Researchers who followed women who had benign breast biopsies say having that test less than a year later finds few cancers and is a drain on health care dollars.
''Doing a follow-up imaging study six months after a benign needle breast biopsy has a low likelihood of finding breast cancer at the biopsy site," said study author Dr. Andrea Barrio, an attending breast surgeon at Bryn Mawr Hospital, in Pennsylvania.
Most of these women, she said, can wait longer than six months before repeating the mammogram, ultrasound or MRI.
Dr. Demitra Manjoros, a breast fellow at Bryn Mawr, is due to present the research Thursday at the American Society of Breast Surgeons' annual meeting, in Chicago.
A biopsy is done after an abnormality is found on an imaging test such as a mammogram. The standard of care is to perform an image-guided needle biopsy, Barrio said.
"However, when you do a needle biopsy, you only sample the lesion or abnormality, instead of removing it," she said.
So, the follow-up imaging was suggested. Under current National Comprehensive Cancer Network guidelines, the repeat imaging is recommended six to 12 months after a benign breast biopsy.
"In my practice, I perceived that this short-term imaging did not seem to add anything to the care of the patient," Barrio said.
So, she launched the study, focusing on 337 women who had benign biopsies and met one other criterion: Their pathologic findings explained the finding on the image. Researchers then looked to see if the interval for repeat imaging made a difference in finding cancer.

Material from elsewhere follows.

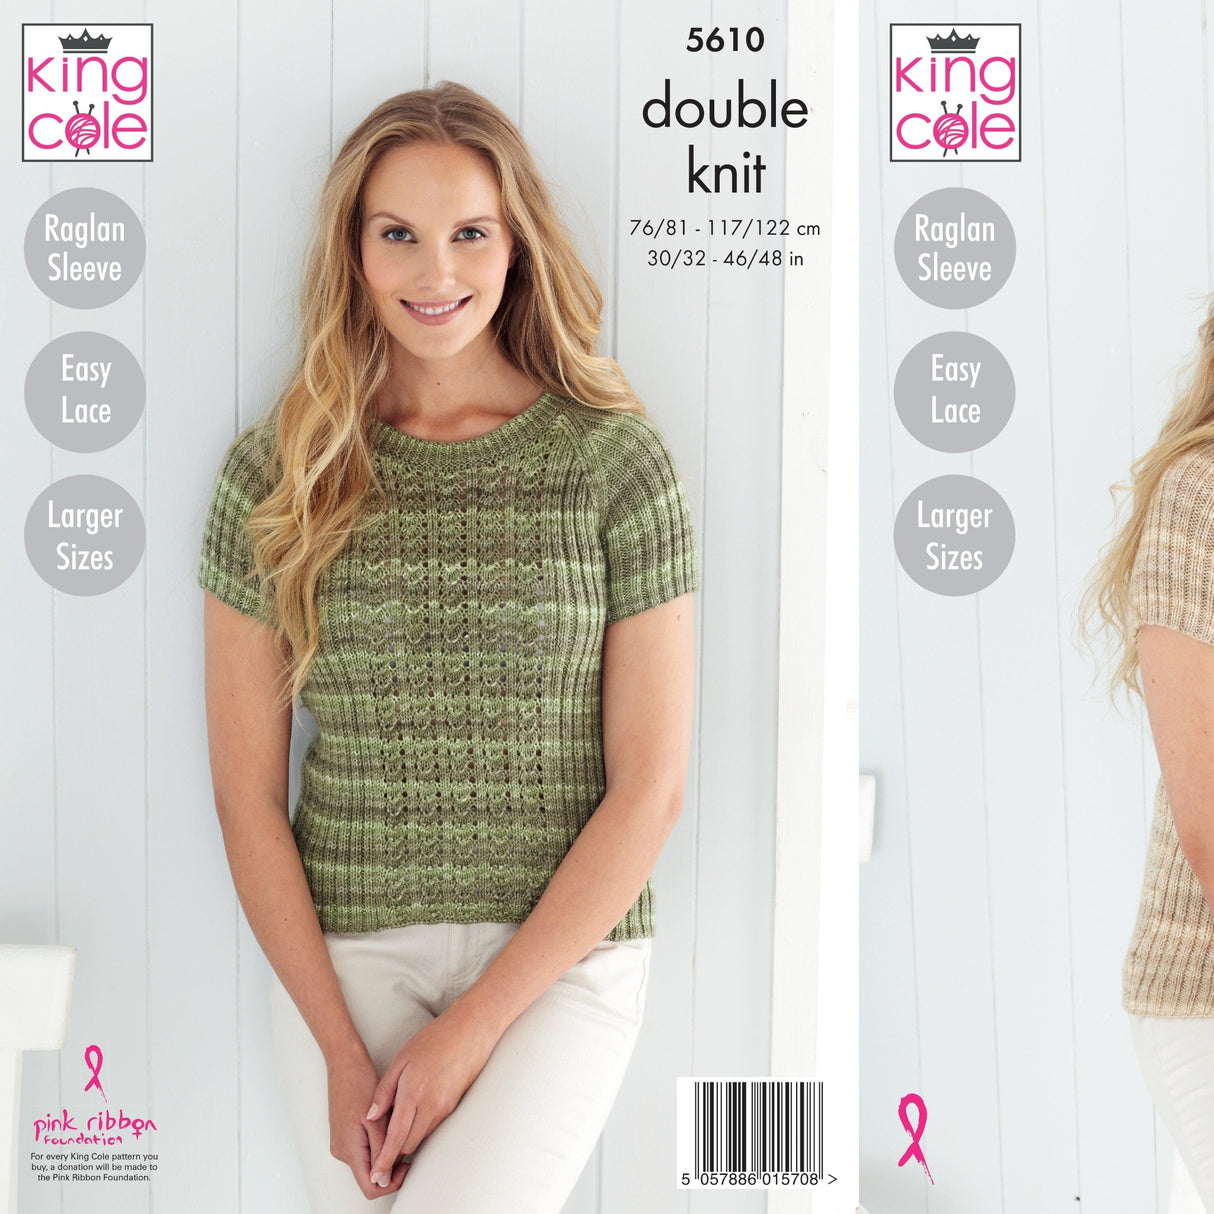 King Cole Patterns King Cole Ladies Sweater and Cardigan DK Knitting Pattern 5610

Of the 337 women, 169 had imaging repeated less than 12 months after their benign biopsy result. Another 101 had no documented imaging test repeated. And another 67 had repeat imaging 12 months or later after the biopsy.
Of the 169, just one breast cancer was identified. Of the 67 who had repeat imaging at 12 months, no malignancies were found.
The cost of detecting a missing cancer with the shorter interval follow-up was nearly $193,000 in this group.
The study findings support a policy of discontinuing repeat testing less than 12 months after such a benign finding, Barrio said.
The findings don't mean no one should have shorter-term imaging follow up, Barrio said. While in general, routine short-term repeat imaging after such a benign biopsy is not needed, she said, "I'm not saying nobody should do it."
"Certain women would require six months follow-up," she said. For instance, a woman whose initial imaging findings were vague or not specific might be advised to get repeat imaging in less than a year, she said.
A breast cancer expert commented on the new research.
The study is sound, said Dr. Laura Kruper, director of the Cooper Finkel Women's Health Center and co-director of the breast cancer program at the City of Hope Comprehensive Cancer Center in Duarte, Calif.
"I think most women would be fine having repeat imaging in 12 months," she said, "but it should be done on a selective basis." A doctor must take the whole patient into account, she said, weighing such factors as family history and a woman's views of the testing intervals.
"There are some patients who are going to be so nervous waiting a year," Kruper said.
The data and conclusions of research presented at medical meetings should be viewed as preliminary until published in a peer-reviewed journal.